= Basil of Seleucia =

5th century Roman bishop and ecclesiastical writer

Basil of Seleucia was a Roman Bishop and ecclesiastical writer. He was archbishop of Seleucia ad Calycadnum by 448. He condemned Eutyches in the year 448, "acquiesced" while "rehabilitating" at the Latrocinium in 449, "but recanted and signed" the Tome of Leo in 450.

==Biography==
His date of birth is uncertain but probably around the turn of the 5th century; he was consecrated bishop by 448, a position he held for at least a decade. Basil was a notable figure during the period when the Eastern Church was convulsed by the Eutychian controversy, and was necessarily obliged to take sides in all the attendant disputes.

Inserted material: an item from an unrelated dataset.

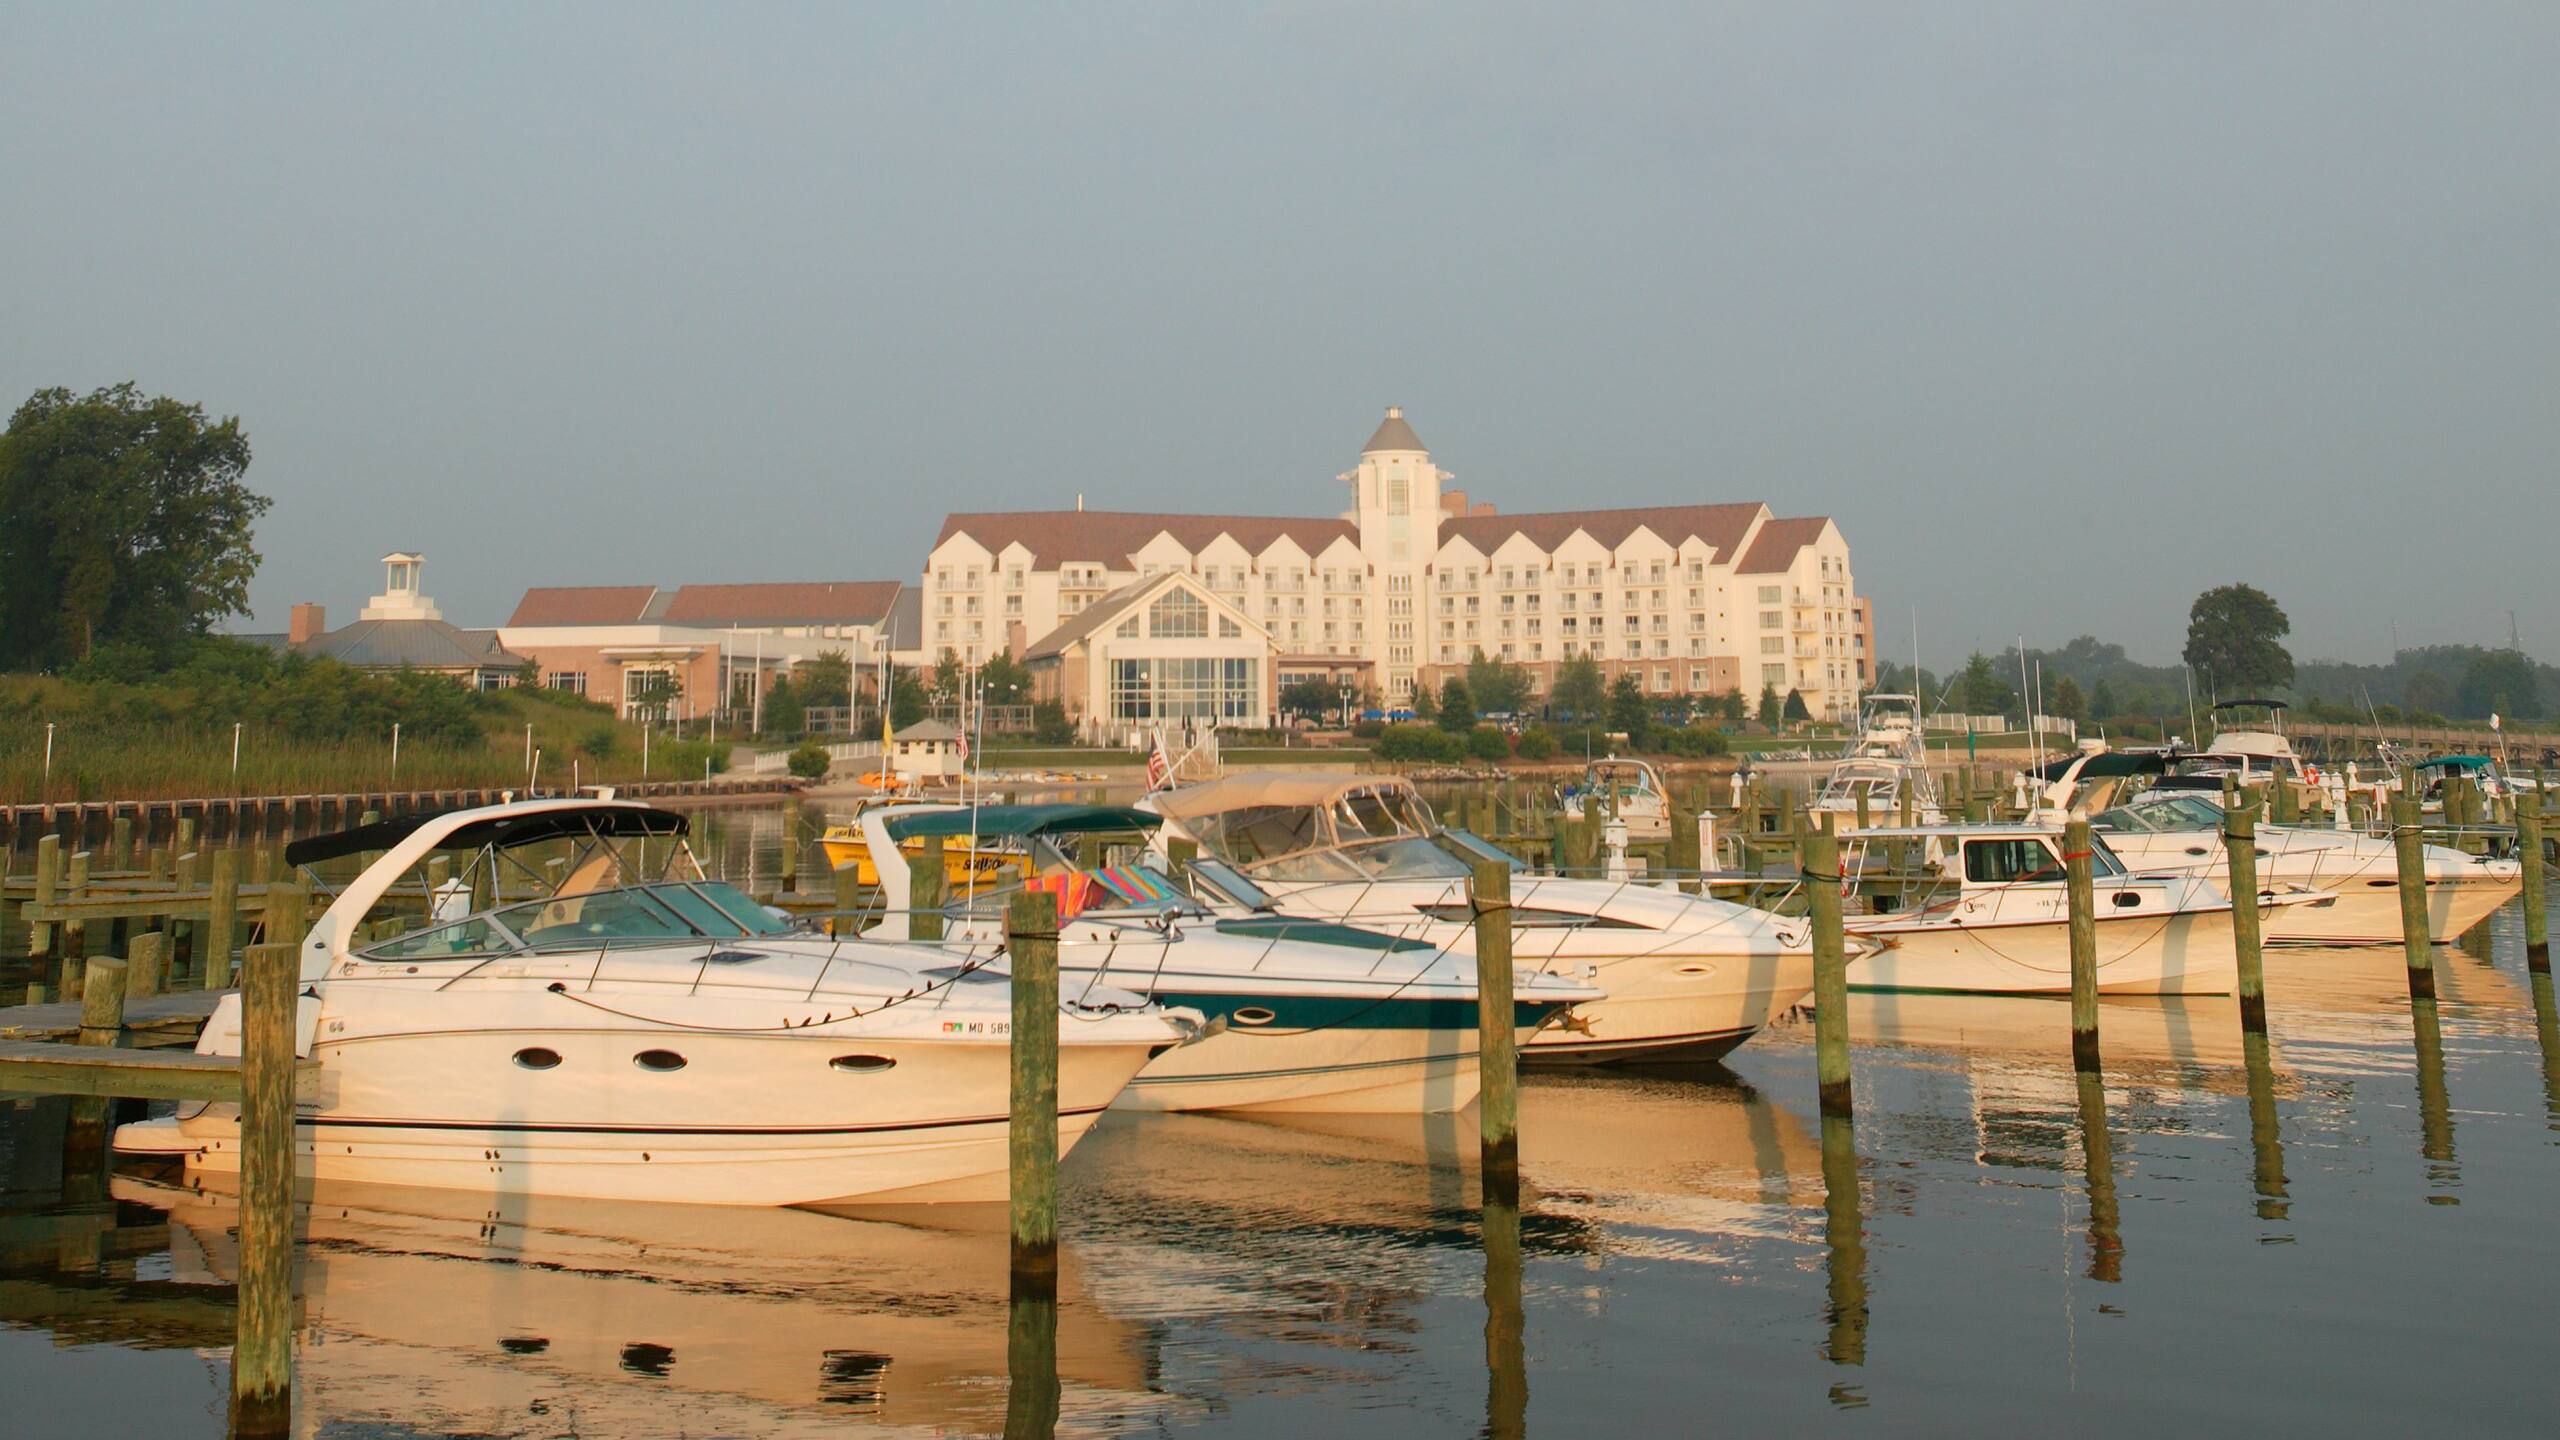 Hyatt Regency Chesapeake Bay Golf Resort, Spa and Marina Harbor with Hotel

Those of his writings which have come down to us, though perhaps too rhetorical and involved, suggest that he was a man of great literary ability.

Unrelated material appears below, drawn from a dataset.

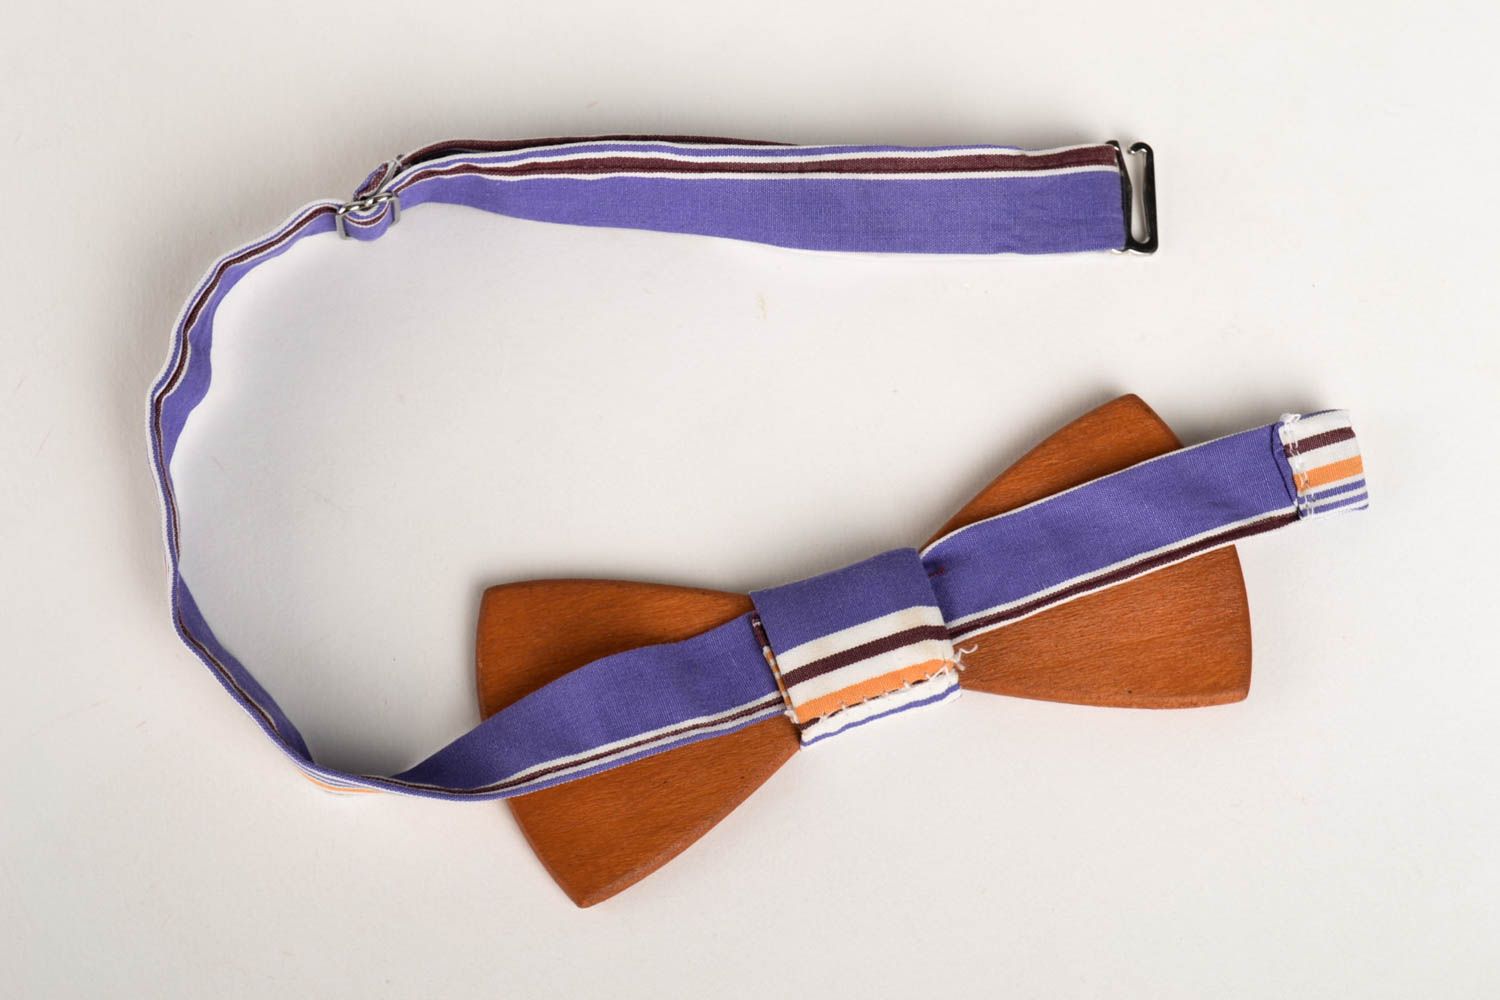 Unusual handmade wooden bow tie gentlemen only best gifts for him wood craft photo 2

He was appointed Bishop of Seleucia in Isauria, between the years 432 and 447, and was one of those who took part in the Synod of Constantinople, which was summoned in 448 by Patriarch Flavian of Constantinople to assess the faith of the archimandrite Eutyches. Although in Constantinople he accepted Eutyches' condemnation, he attended the Second Council of Ephesus the next year (449), where he voted for the rehabilitation of Eutyches and for the deposition of the Patriarch of Constantinople. Later, at Chalcedon, he claimed that he had felt obliged to submit to the authority of the other bishops at Ephesus, particularly Dioscurus of Alexandria.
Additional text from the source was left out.